First of all, after my national service teaching in Ghana, I involved myself in my families’ traditional occupation, which was domestic animal trading. I traded animals like cattle, sheep, goats and even ducks. That was what I used to do, bringing these animals from our village to the city. I used to sell them in the market and sometimes to restaurants.
However, besides this I also concentrated on my professional skills which are graphic designing and painting. I should also mention that I have a background in theology and comparative religion – focusing on Christianity, Islam and traditional African religions. But back to my main passion – art. I started working with graphics and painting in primary school. I used to do basic thread designs and some paintings. In fact, lots of paintings. When I got to junior secondary school, I had to upgrade my skills. It was that time that I leant more deeply about painting.

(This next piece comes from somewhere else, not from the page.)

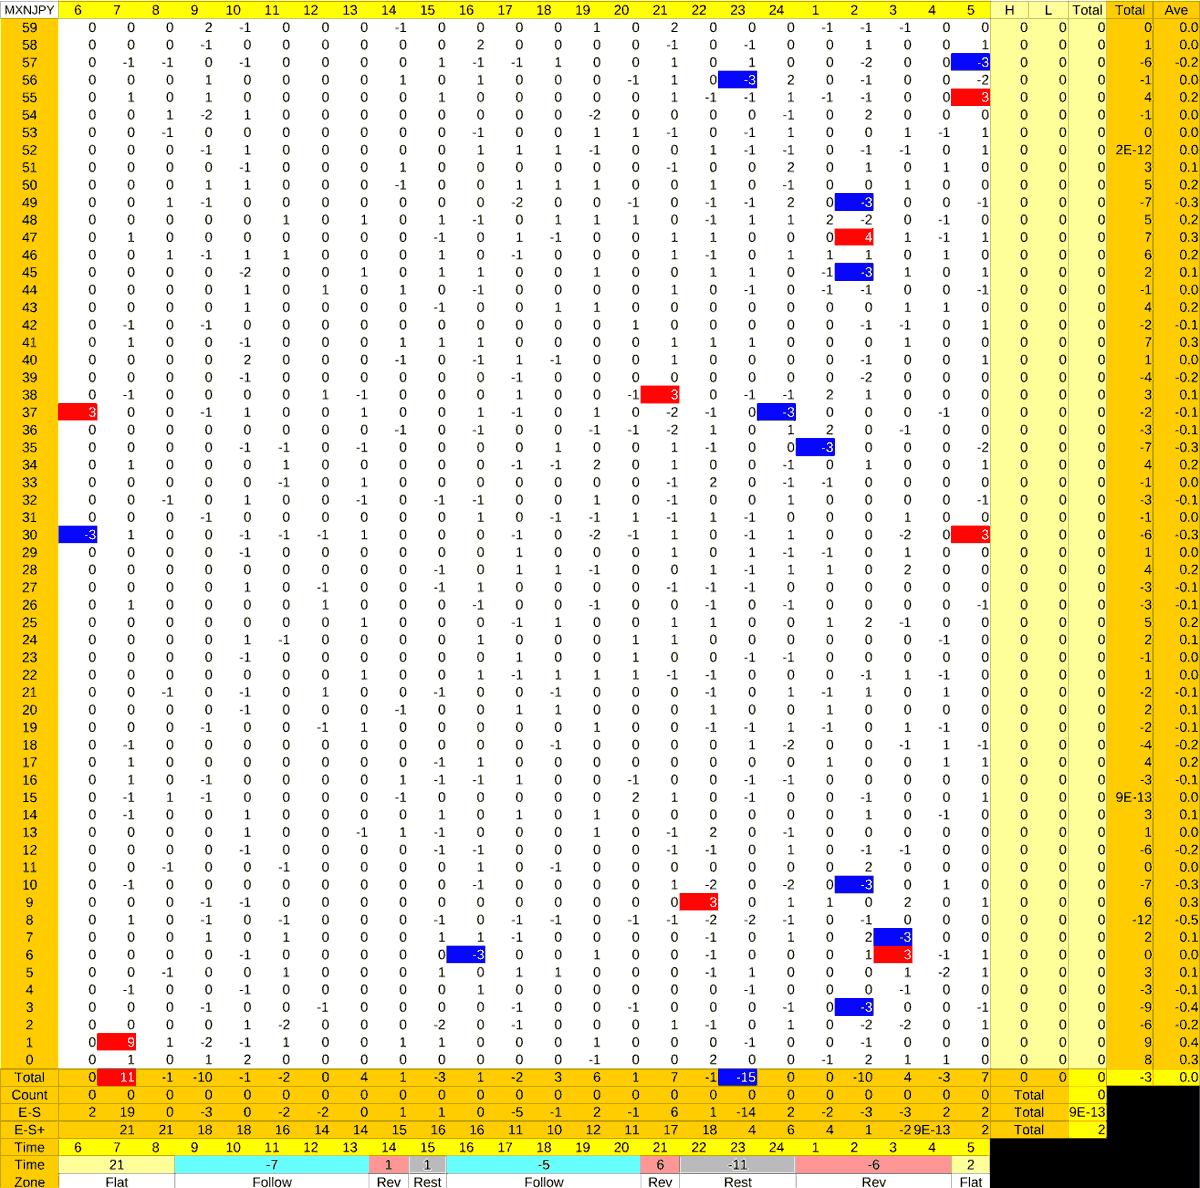 20210531_HS(3)MXNJPY

When I got to senior secondary school, computers were becoming more common in my country. So I decided to do art through computers. I used Corel Draw and other software’s. After I completed my senior secondary school I got admission to a college. Unity College of Art and Theology in Accra. It was there that I started making paintings and handicrafts for sale. I also used to teach some students about handcrafts, sometimes working in private schools teaching children drawing, painting and graphic design. My family knew of these skills I had. But I didn’t get any permanent employment in this field. Though these were the skills and passions I had, what I primarily did for money was my livestock trade.
As I previously said this was the traditional occupation within my family. Let me tell you a brief history of my families’ professions. My grandfather was the chief of hunters in my village in northern Ghana. Whenever they caught any animals, like antelopes, deer, grass cutters, sometimes even birds, in those days, they used to bring it to the road side and sell it to passing drivers. Those which were caught alive were sold to zoologists in the capital town. Sometimes even large snakes were sold. I remember we had skins of large snakes, antelopes, lions, leopards, anything except elephant skin. We used to keep some of these skins in our house to show that we were hunters. We also used to sell these skins to tourists. But it came to a time when my father’s side became less focused on serious hunting, mostly because of the increased forestry and environmental restrictions in Ghana. This was where my family turned back to live stock trading. This was a safe profession. This was my main profession. But art is still my main passion.